Now the boy had to admit that young Joe had progressed pretty far for a human boy in one day–but not far enough. If Joe had really thought it through, he’d have realized it made no sense for him to carry three watermelons and nine ears of corn to Linthiel when his payment was to carry the same three watermelons and nine ears of corn back. There was no sense in him carrying them to Linthiel at all. He should have just taken them home.
But the boy said nothing, letting Joe uselessly carry his burden. For the boy had a plan by which to recover not only his lost loot–but also to have it carried home for him, too.
When they reached Linthiel it was getting dark, and the boy made a show of dividing up the shares again and letting Joe pick out his three watermelons and nine ears of corn in pay to carry it back here and leaving the boy with his one watermelon and three ears of corn.

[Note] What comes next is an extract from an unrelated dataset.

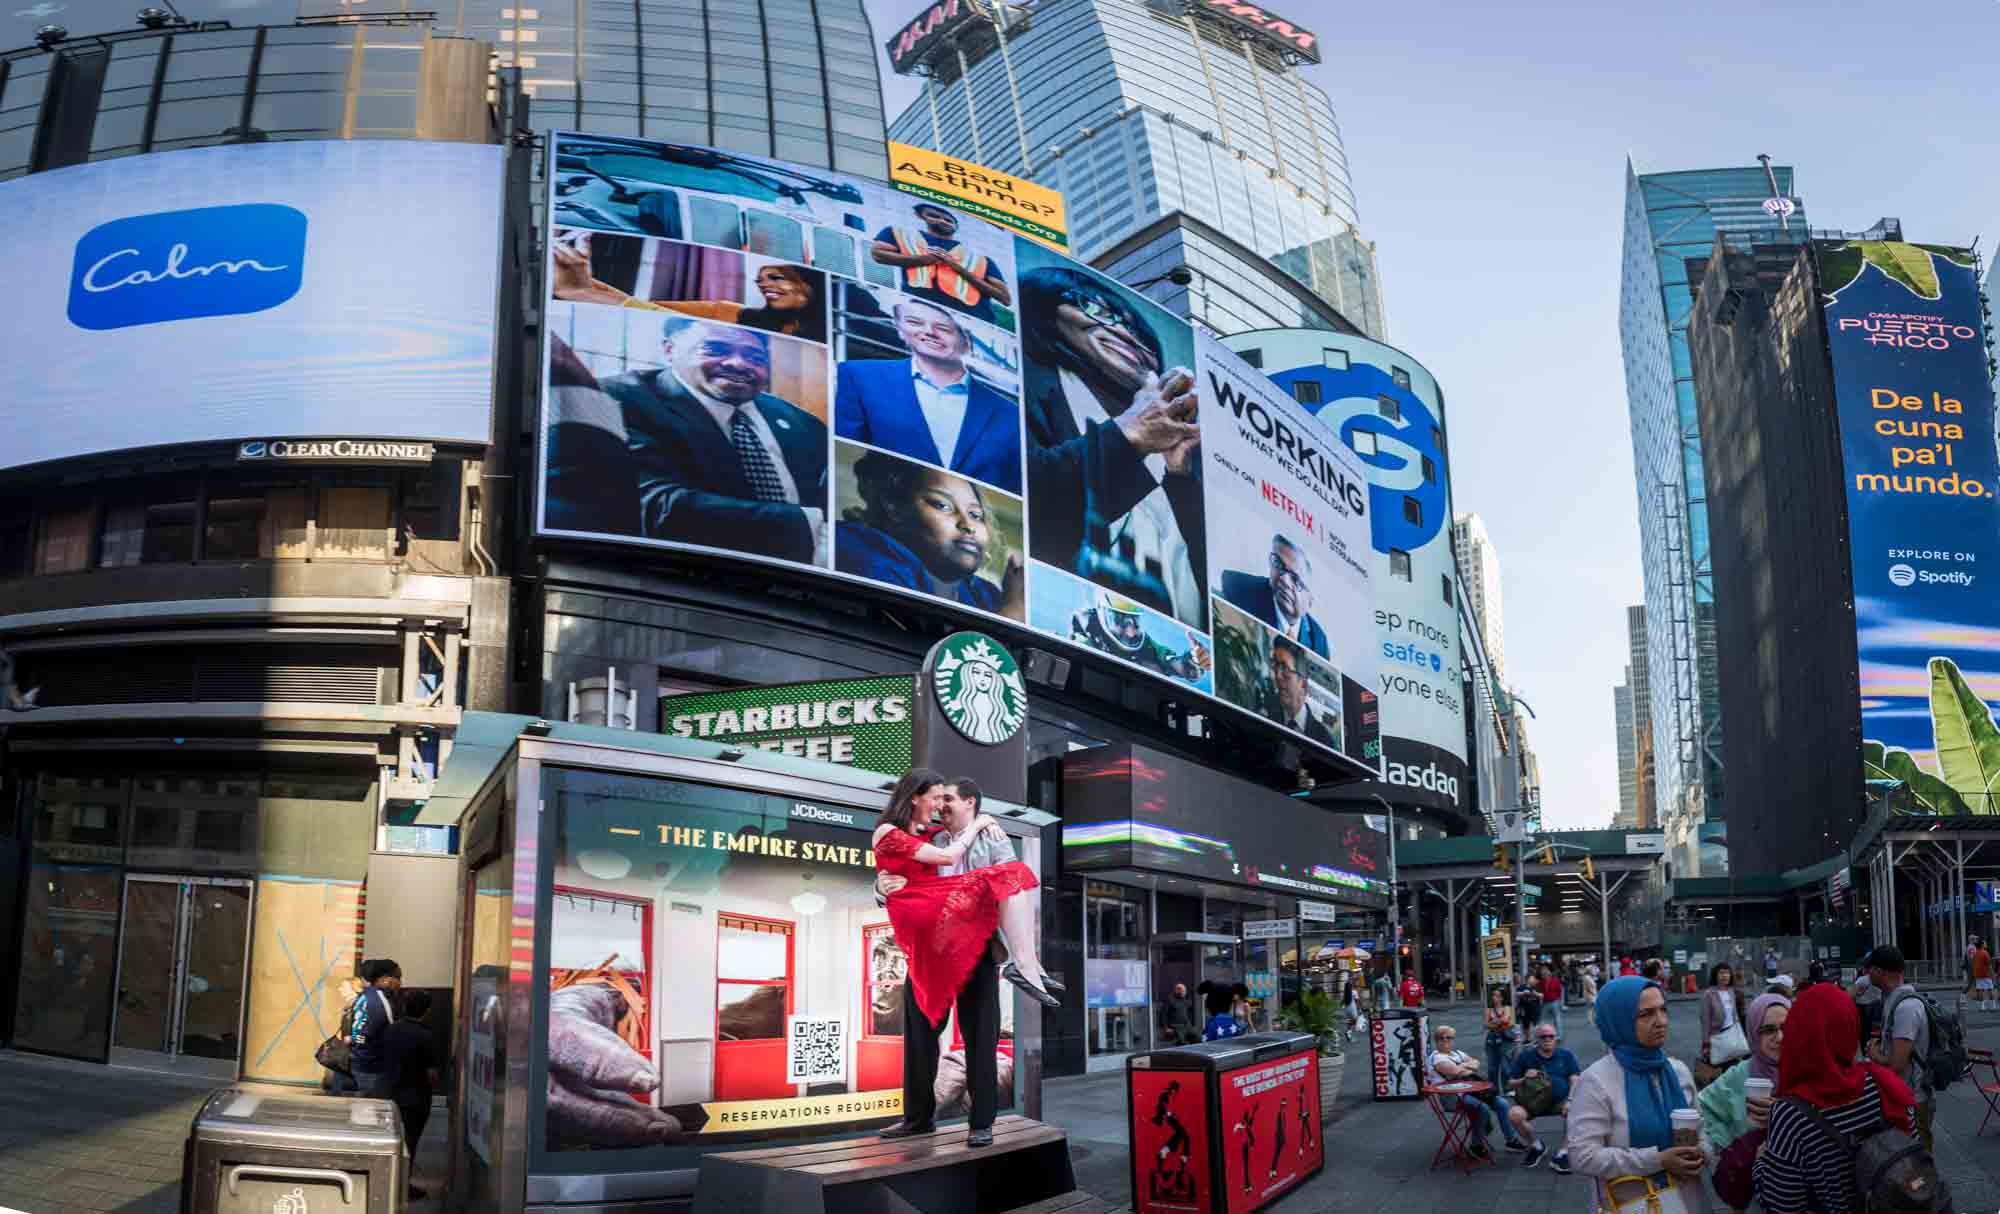 Man holding woman wearing red dress on platform in Times Square in front of colorful billboards

When Joe was about to leave, the boy spoke up.
“Oh! Joe?”
“Yes?”
“Would you like to make another trade?”
“What kind of trade?”
“I’ll trade you something for your three watermelons and nine ears of corn.”
“Like what?”
“Like this pipe,” the boy replied, “and this tobacco. Unless, of course, you think your father won’t miss them?”
Minutes later, the boy had all the watermelons and all the corn and young Joe had his father’s pipe and tobacco, which he judged to be a wise trade and so both went away happily. The boy then decided to share his good fortune. First, he headed for the tree gnomes. They were too short to reach corn and not strong enough to carry or open a watermelon. So he shared one watermelon and three ears of corn with them and even opened the melon for them as well as cleaned the corn, for which they were exceedingly grateful. Then he played his flute and summoned the fairies and gave them the same gift as well. This resulted in him getting a kiss from yet a different fairy girl, which, of course, led to a fight between her and Mariel over him. Once he got that stopped, he headed home and shared the last three ears and watermelon with his half-brother Sith, for the taste of raw, sweet corn is always the best. Yet he shared it only on condition of making Sith promise not to ask where he got it.
The contented, well-fed boy fell asleep that night, loved by all, yet completely unaware of how his luck was about to change dramatically the next day at school.